Since the first Pikes Peak Hill Climb in 1916, racers and teams have charged up the craggy Colorado mountainside, through switchbacks and undulating sweepers, on everything from motorcycles to semis.  Prior to the paved road, gentlemen drivers, and electrified record breakers we know today, Pikes Peak Hill Climb was a dirt and gravel gauntlet that only the most-hardened racers dare to conquer.

1957 Pikes Peak Hill Climb. (Photo by Ray Brock/The Enthusiast Network via Getty Images/Getty Images)

Don’t get it twisted, the 12-mile, 156-turn climb is still plenty dangerous in the present day, with steep cliffs and a 4700-foot elevation gain from start to finish. Back in the day, though, the race possessed a certain level of grit and innovation unseen in today’s contest. The intersection of these values is highly prevalent in monochrome photos captured in the 1960s. America’s open-wheel and road-racing champs pitched sedans, sprint cars, and sports cars up the winding dirt road with reckless abandon.

Of the thousands of entrants over the years, this Jaguar D-Type (shown above) driven by Billy Krause has to be one of the coolest.

Orville Nance in his Chevrolet-powered open-wheel racer, circa 1965. (Photo by Ray Brock/The Enthusiast Network via Getty Images/Getty Images)

Krause was one such old-school renegade racers. He could also be considered the Forrest Gump of motorsports, rubbing shoulders with auto racing’s giants throughout the 1950s and ’60s. Yet he is relatively unknown as a. racer compared to contemporaries like Carroll Shelby, Dan Gurney, and Mickey Thompson.

Legend has it that his family thought open-wheel dirt track racing was too dangerous. Despite winning a midget championship in 1955, Krause made the transition to professional road racing when his father bought him a $10,000 3.4-liter Jaguar D-Type—the rig supposedly once ran at Le Mans.

Bill Krause in his D-Type leads Ken Miles in a Porsche 550 in a race at the 1956 LA County Fairground. (Photo by Bob D’Olivo/The Enthusiast Network via Getty Images/Getty Images)

A native of California, and nicknamed the Compton Comet, Krause campaigned his D-Type throughout the Golden State. In 1958, he finished third in the Riverside Times Grand Prix, behind Chuck Daigh’s Scarab and Gurney’s Ferrari. At Laguna Seca, he shared a grid with Stirling Moss, Jack Brabham, and Jim Hall.

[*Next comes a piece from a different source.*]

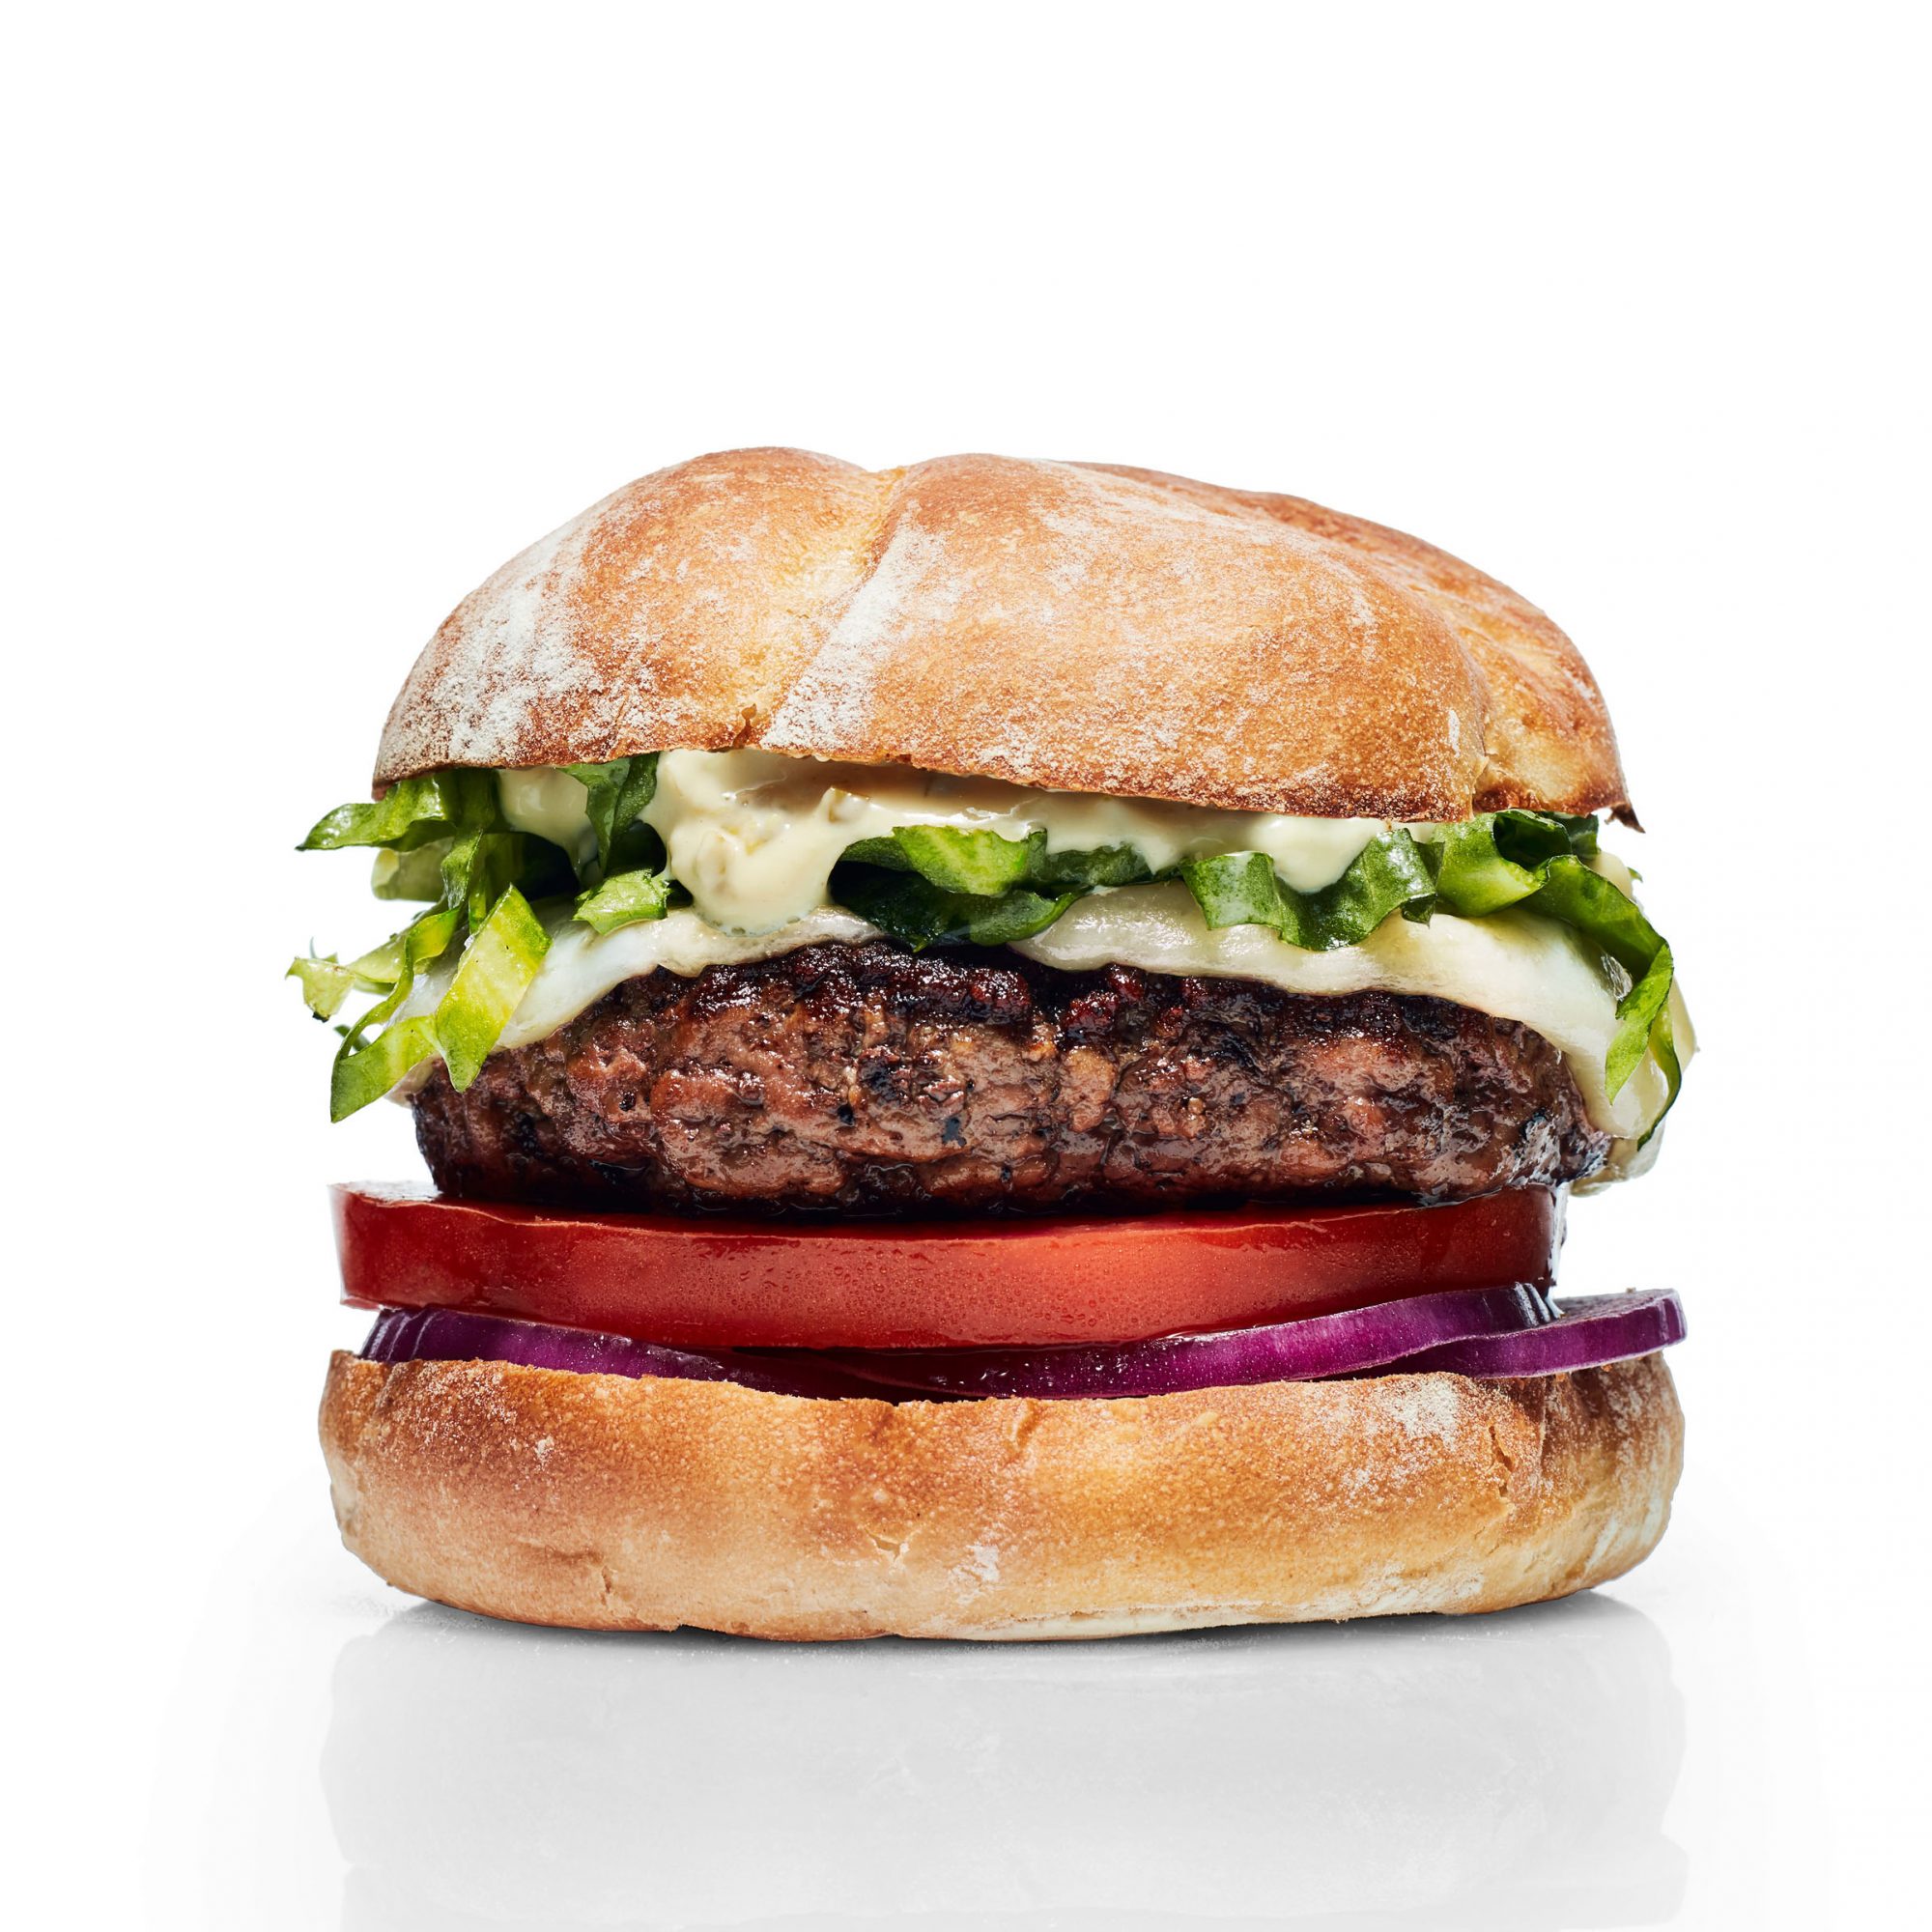 Burger of the Month: Tuscan-Style Steak Burgers with Garlicky Aioli

Over the next few years, he became a known commodity in the professional sports car ranks, earning rides in a Maserati Birdcage, a Lotus 19, and Max Balchowsky’s “Old Yeller.” Krause was one of the first Shelby Cobra racers before defecting to the Bowtie to drive a Corvette for Chevrolet at Daytona.

Race winner Bill Krause driving a Maserati Tipo 61 in the 1960 Times GP. (Photo by Bob D’Olivo/The Enthusiast Network via Getty Images/Getty Images)

Meanwhile, a 327-cubic-inch small-block Chevy found its way into the Jaguar’s engine bay. With the Corvette power, Krause raced the D-Type up Pikes Peak in 1960 and 1961, earning a personal best of 14 minutes and 49 seconds (and a second in class, in both outings).

The Ford-powered Lola T70 of Bill Krause sits in the paddock of the Las Vegas USRRC race. (Photo by Bob D’Olivo/The Enthusiast Network via Getty Images/Getty Images)

After driving a few other famous cars, such as a Lotus 30 and a Lola T70, Krause retired from racing to maintain a Honda dealership. Still, his legacy lives on in the record books and in this black-and-white photo of the dirt-tracker turner road-racer willing his Chevy-powered Jag up Pikes Peak.